**Information supplied**
● ● ●

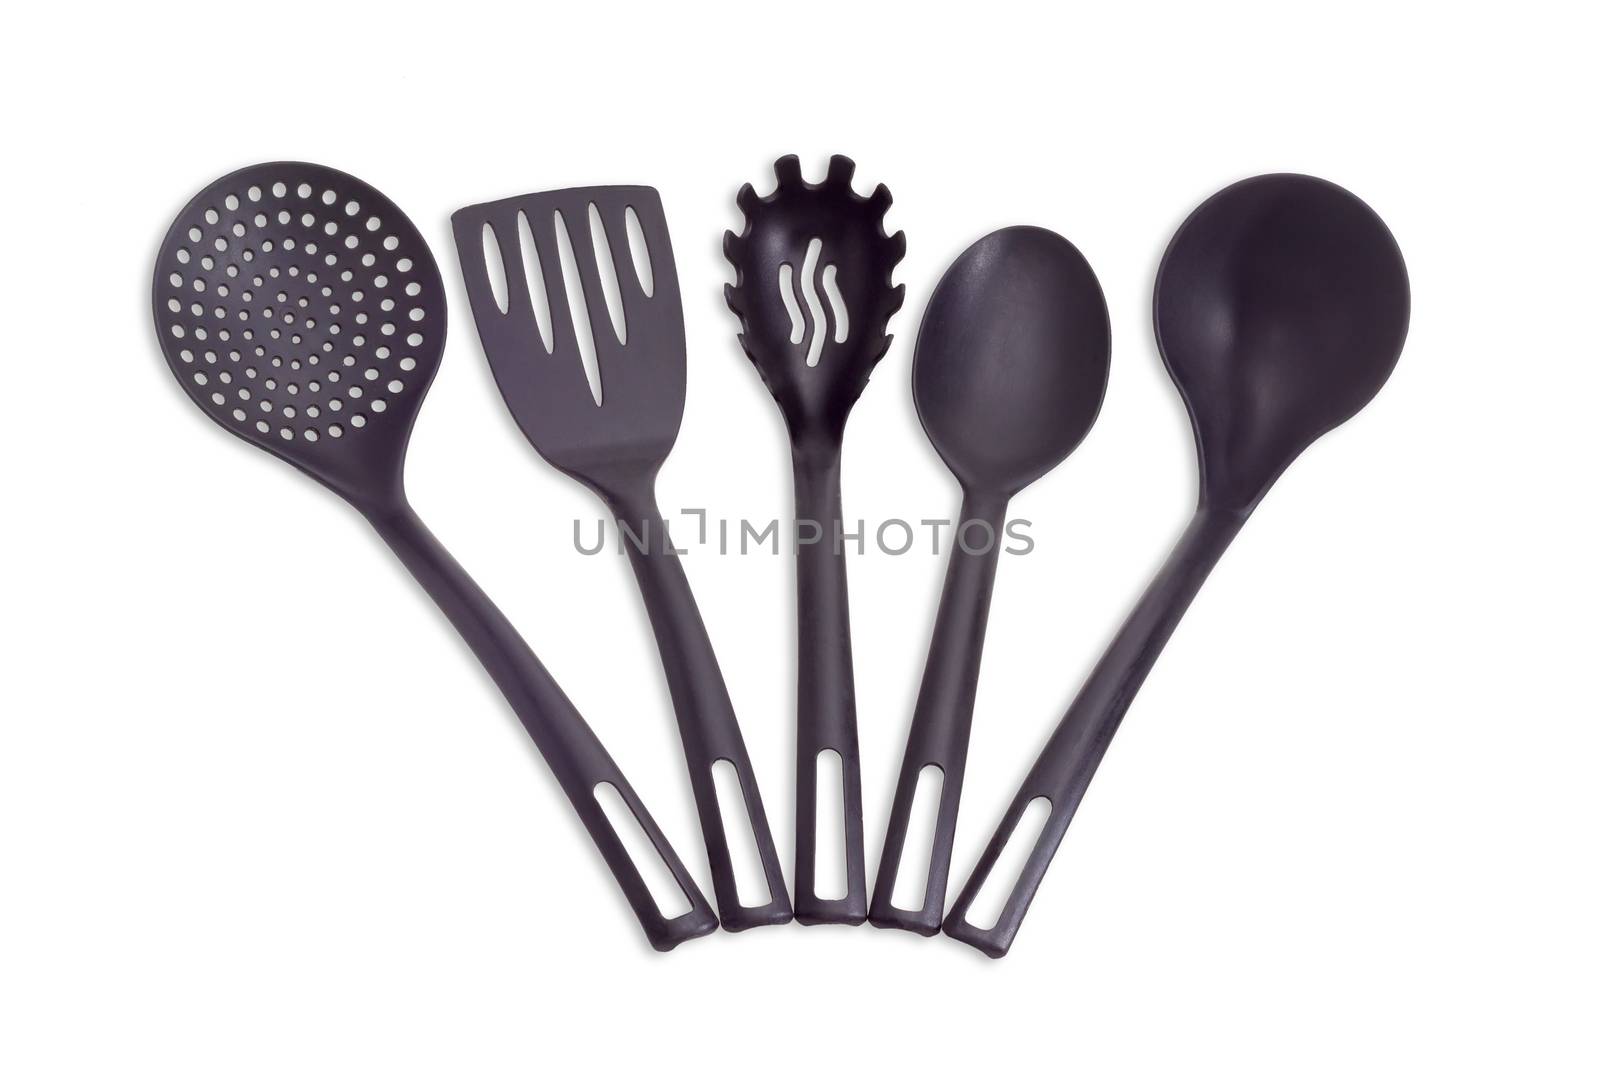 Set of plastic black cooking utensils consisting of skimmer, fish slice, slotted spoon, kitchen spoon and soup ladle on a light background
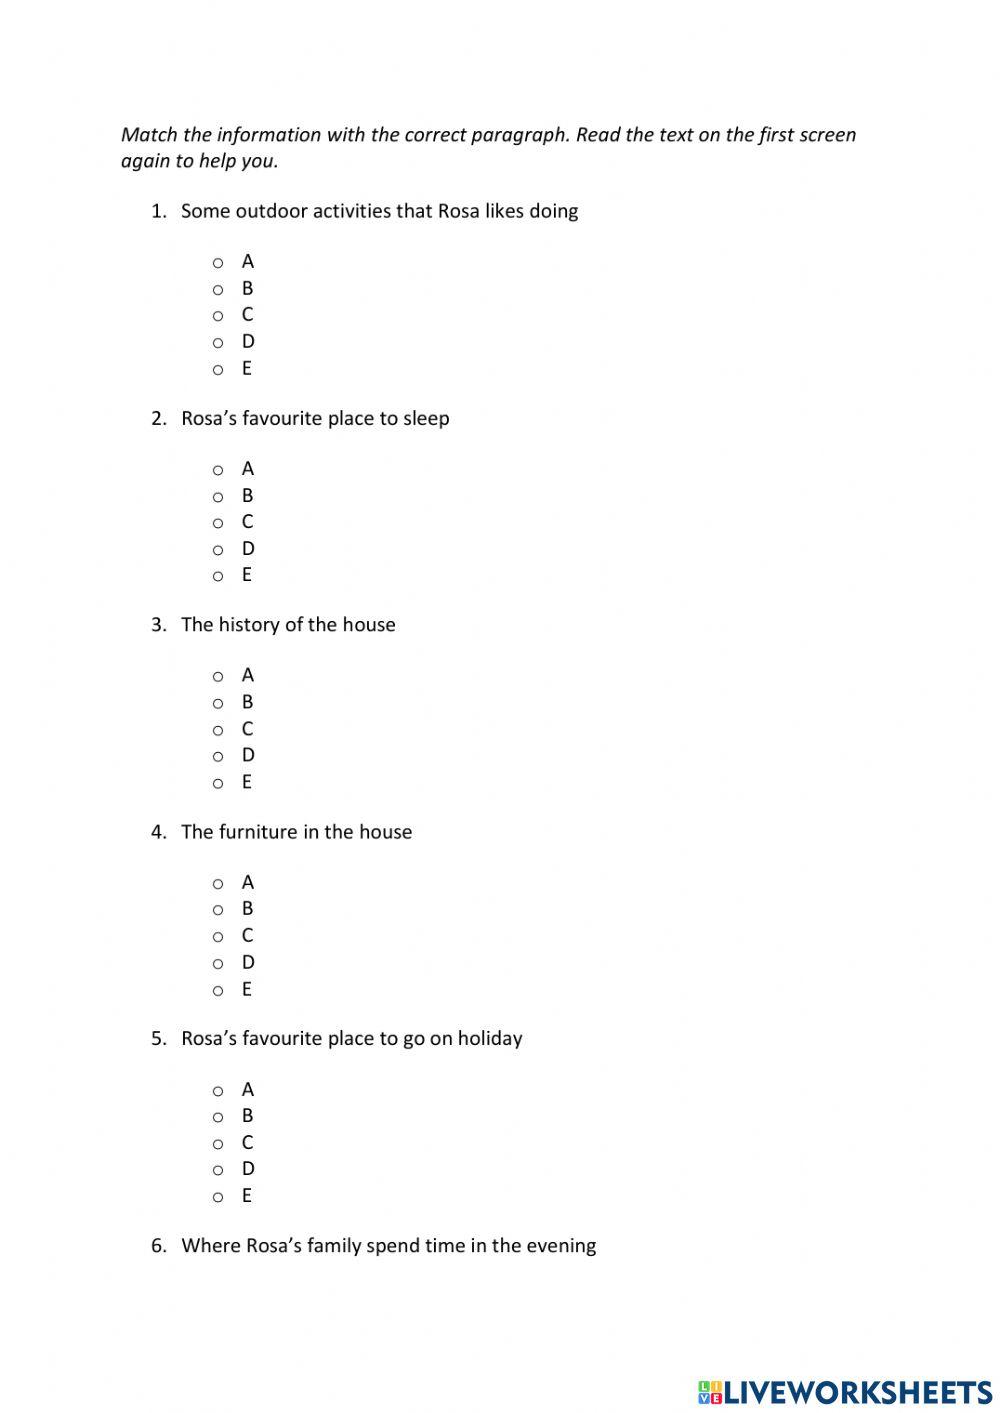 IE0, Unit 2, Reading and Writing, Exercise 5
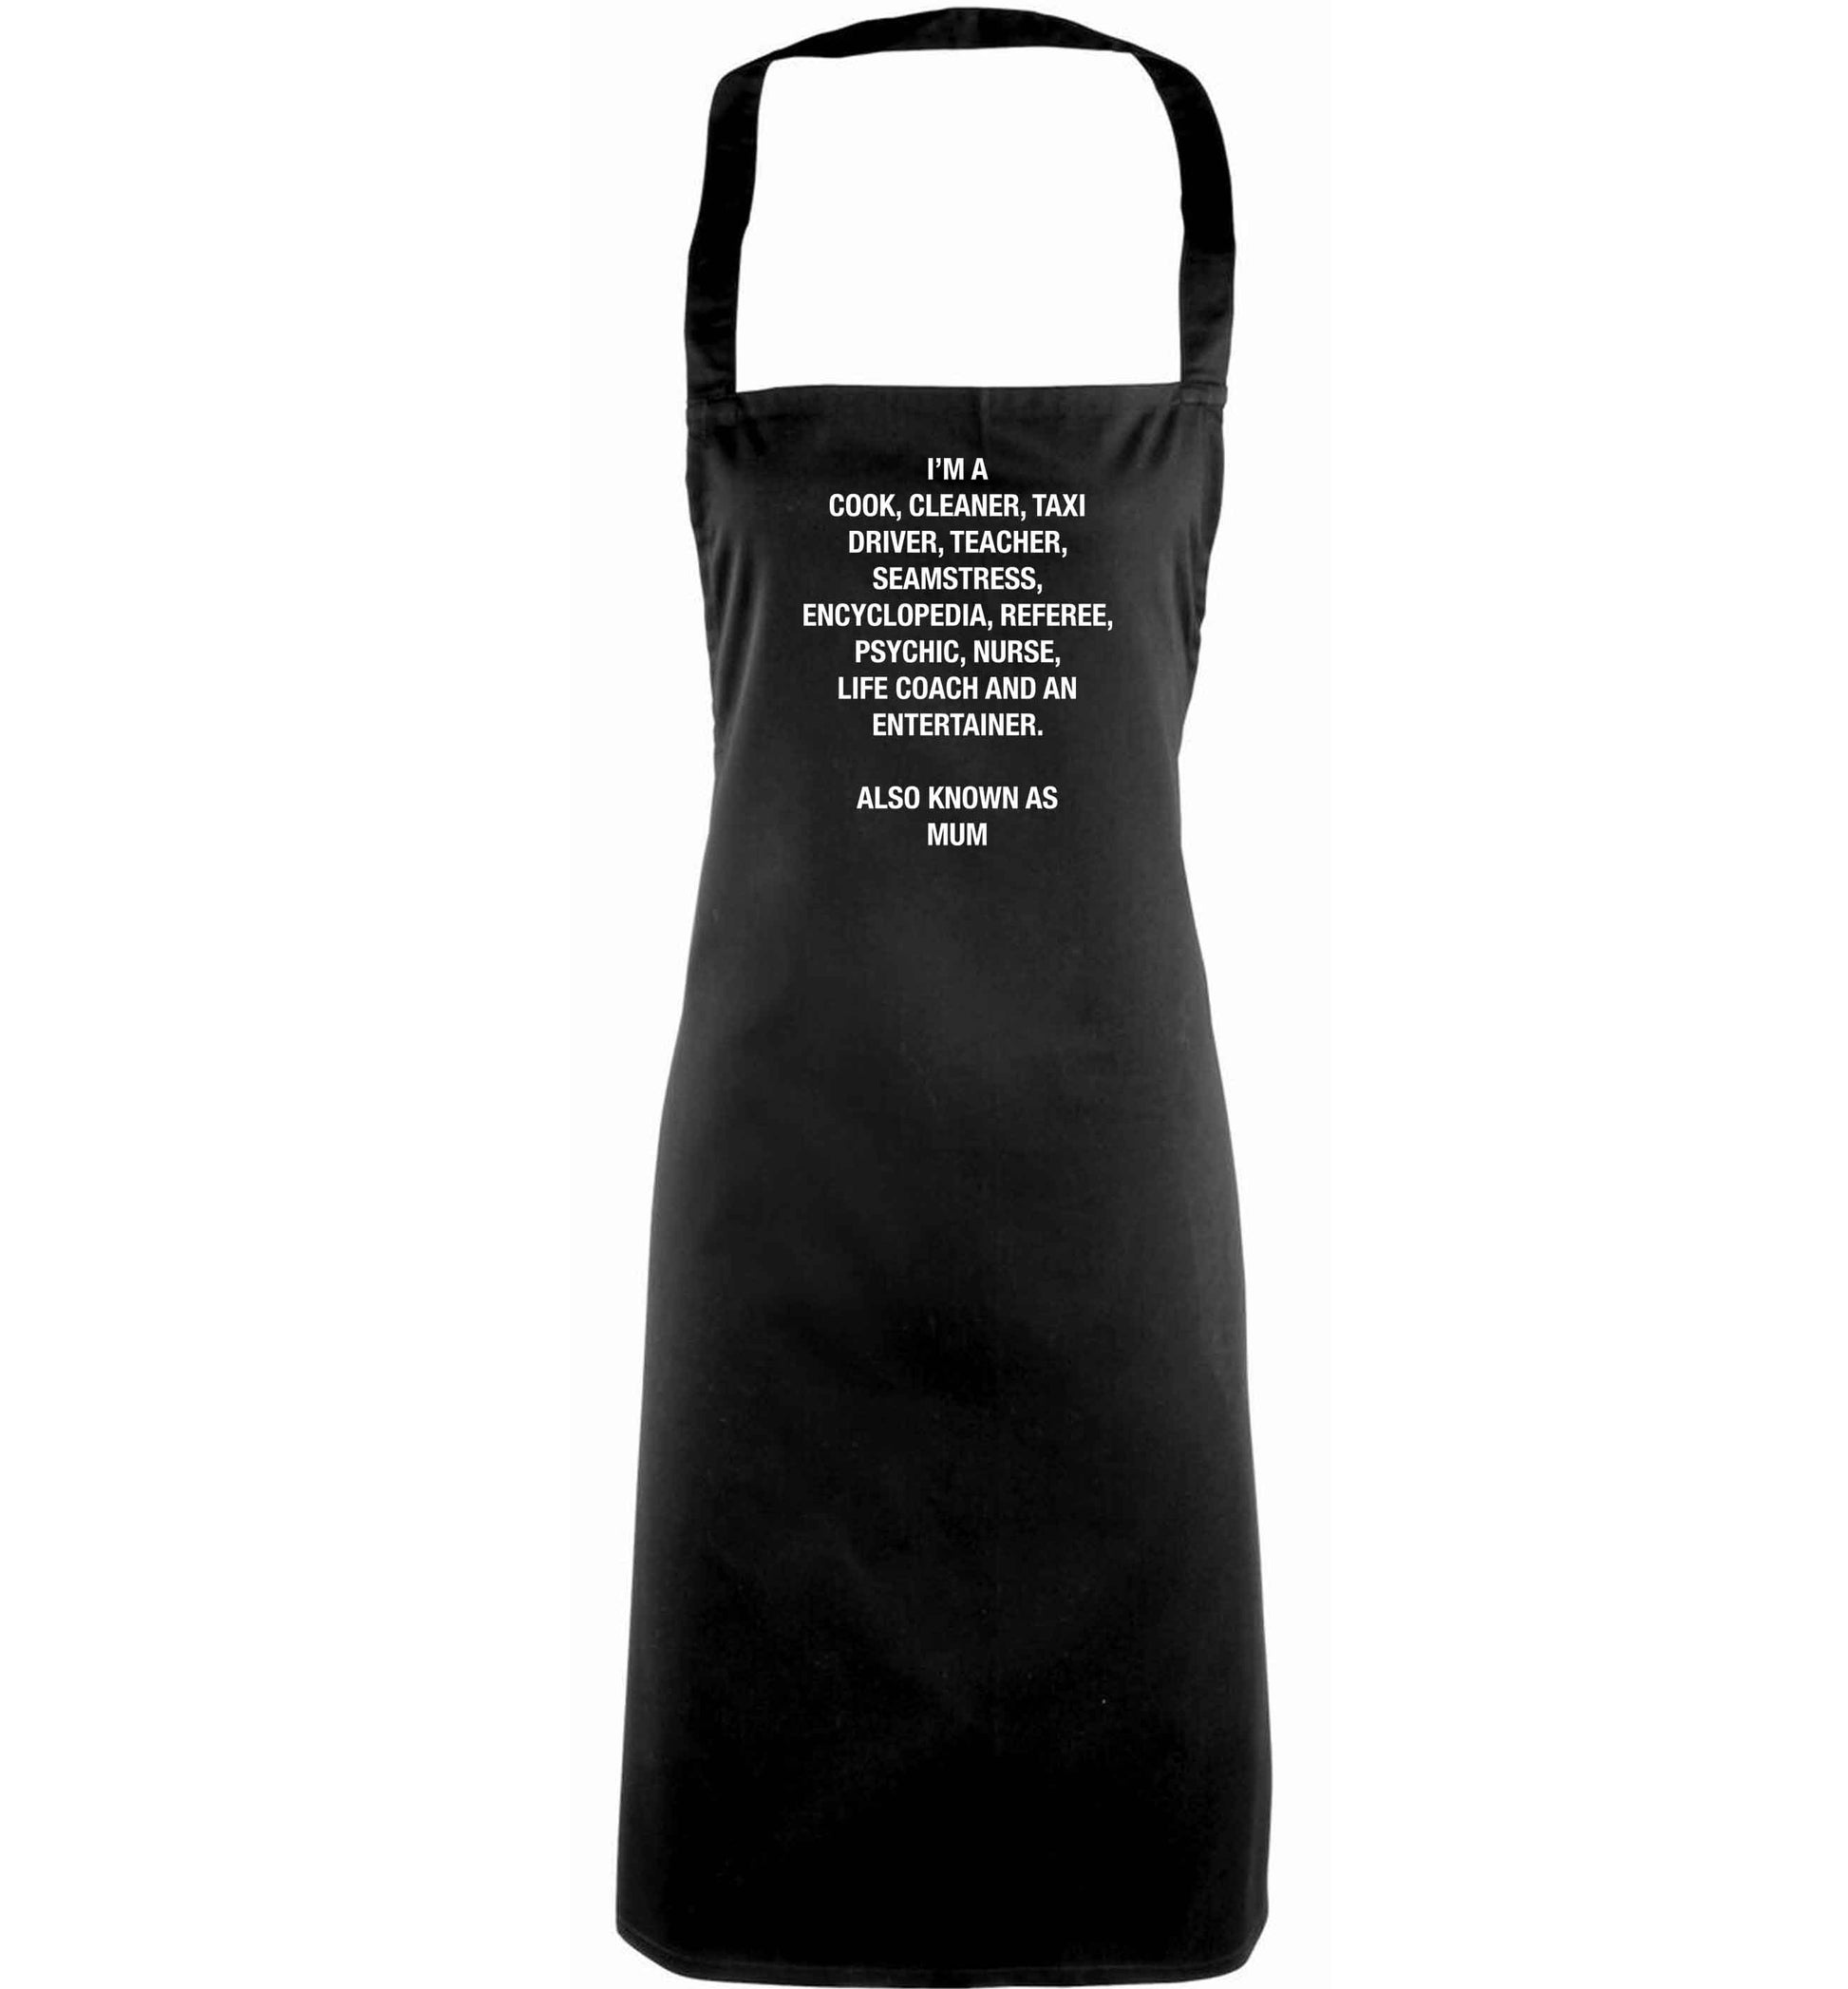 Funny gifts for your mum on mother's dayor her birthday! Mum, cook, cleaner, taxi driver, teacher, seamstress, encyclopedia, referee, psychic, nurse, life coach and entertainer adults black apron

● ● ●

**Exercise**
What this calls for is the material above set down exactly, pictures excluded.

**Solution for this exercise**
 Set of plastic black cooking utensils consisting of skimmer, fish slice, slotted spoon, kitchen spoon and soup ladle on a light background
 IE0, Unit 2, Reading and Writing, Exercise 5
 Funny gifts for your mum on mother's dayor her birthday! Mum, cook, cleaner, taxi driver, teacher, seamstress, encyclopedia, referee, psychic, nurse, life coach and entertainer adults black apron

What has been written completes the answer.